Part C: Series & Parallel Combinations

Target: 60–90 seconds per problem.

Set C1 — Series Capacitors (4 problems)

  1. Three capacitors ($2 , \mu\text{F}$, $3 , \mu\text{F}$, $6 , \mu\text{F}$) are connected in series across a $12 , \text{V}$ battery. Find the equivalent capacitance.
  2. For the combination in Q21, what is the charge on each capacitor?
  3. For the combination in Q21, find the voltage across the $3 , \mu\text{F}$ capacitor.
  4. Two capacitors in series have an equivalent capacitance of $2.4 , \mu\text{F}$. One of them is $4 , \mu\text{F}$. What is the other?

Score: ___/4

Set C2 — Parallel Capacitors (4 problems)

  1. Three capacitors ($5 , \mu\text{F}$, $10 , \mu\text{F}$, $15 , \mu\text{F}$) are connected in parallel across a $9.0 , \text{V}$ battery. Find the equivalent capacitance.
  2. For the combination in Q25, what is the total charge supplied by the battery?
  3. For the combination in Q25, how much charge is on the $10 , \mu\text{F}$ capacitor?
  4. Two capacitors in parallel have an equivalent capacitance of $50 , \mu\text{F}$. One of them is $30 , \mu\text{F}$. What is the other?

Score: ___/4

Set C3 — Mixed Networks (4 problems)

  1. A $6 , \mu\text{F}$ and a $12 , \mu\text{F}$ capacitor are connected in series. This combination is connected in parallel with a $4 , \mu\text{F}$ capacitor across a $24 , \text{V}$ battery. Find the equivalent capacitance of the network.
  2. For the network in Q29, find the total charge stored.
  3. In the network below, $C_1 = 2 , \mu\text{F}$, $C_2 = 4 , \mu\text{F}$, and $C_3 = 4 , \mu\text{F}$. $C_2$ and $C_3$ are in parallel, and this pair is in series with $C_1$. The network is connected to $12 , \text{V}$. Find the voltage across $C_1$.
  4. For the network in Q31, find the charge on $C_2$.

Score: ___/4

Part D: RC Transient Analysis

Target: 60–120 seconds per problem.

Set D1 — Charging RC Circuits (5 problems)

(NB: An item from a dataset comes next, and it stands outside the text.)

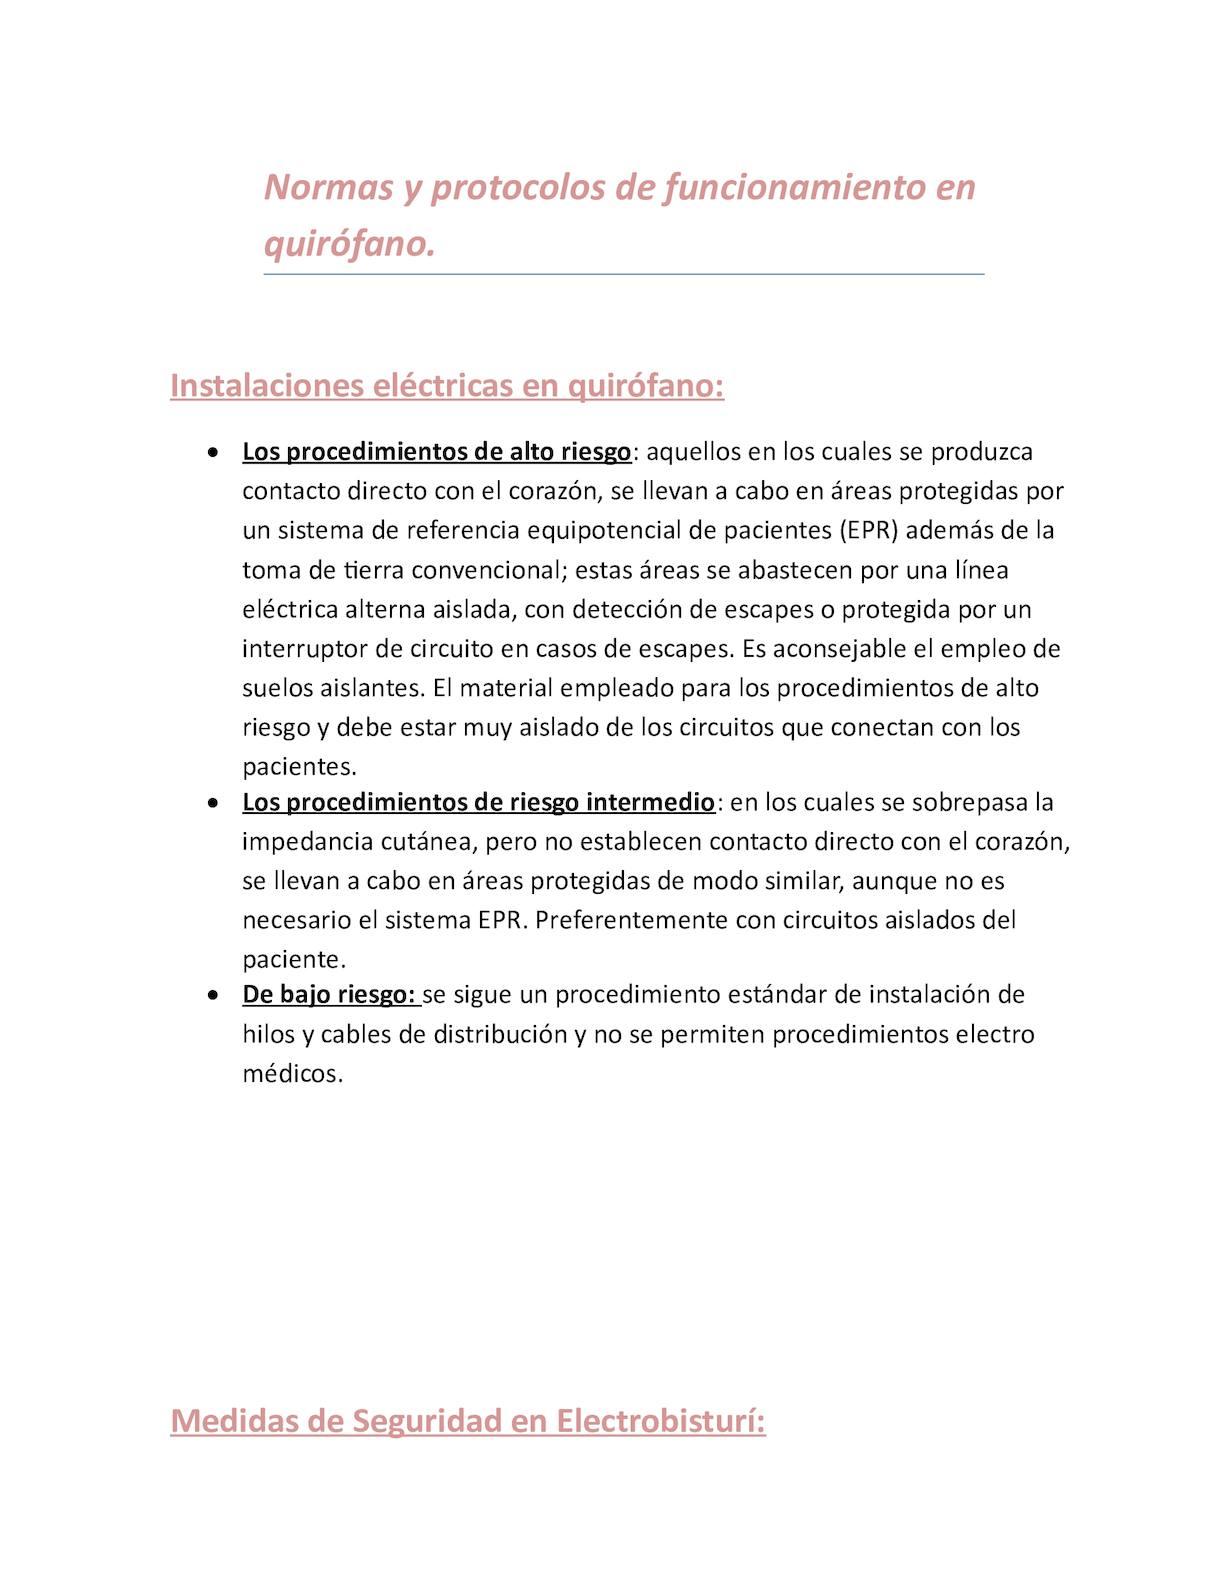 Circuito Quirurgico : Calaméo normas de seguridad para un quirófano seguro

Use $q(t) = Q_{\max}(1 - e^{-t/\tau})$ and $\tau = RC$.

  1. A $50 , \mu\text{F}$ capacitor is in series with a $20 , \text{k}\Omega$ resistor and a $10 , \text{V}$ battery. Calculate the time constant $\tau$.
  2. For the circuit in Q33, how long does it take for the capacitor to reach $80%$ of its maximum charge?
  3. An RC circuit has $\tau = 4.0 , \text{s}$. At what time does the capacitor reach half its maximum charge?
  4. A capacitor charges through a resistor. After $3\tau$, approximately what percentage of the maximum charge has accumulated?
  5. A $100 , \mu\text{F}$ capacitor is charged through a $50 , \text{k}\Omega$ resistor from a $20 , \text{V}$ source. What is the voltage across the capacitor after one time constant?

Score: ___/5

Set D2 — Discharging RC Circuits (5 problems)

Use $q(t) = Q_0 e^{-t/\tau}$ and $I(t) = I_0 e^{-t/\tau}$.

  1. A fully charged $200 , \mu\text{F}$ capacitor at $50 , \text{V}$ is discharged through a $10 , \text{k}\Omega$ resistor. Find the time constant.
  2. For the circuit in Q38, what is the charge remaining on the capacitor after $2\tau$?
  3. A capacitor discharges through a resistor. After how many time constants has the charge fallen to less than $1%$ of its initial value?
  4. A $12 , \mu\text{F}$ capacitor charged to $30 , \text{V}$ is discharged through a $500 , \text{k}\Omega$ resistor. Find the initial current.
  5. For the circuit in Q41, what is the current after $6.0 , \text{s}$?

Score: ___/5

Part E: DC Circuit Basics

Target: 60–90 seconds per problem.

Set E1 — Ohm's Law, Power, & Resistor Networks (5 problems)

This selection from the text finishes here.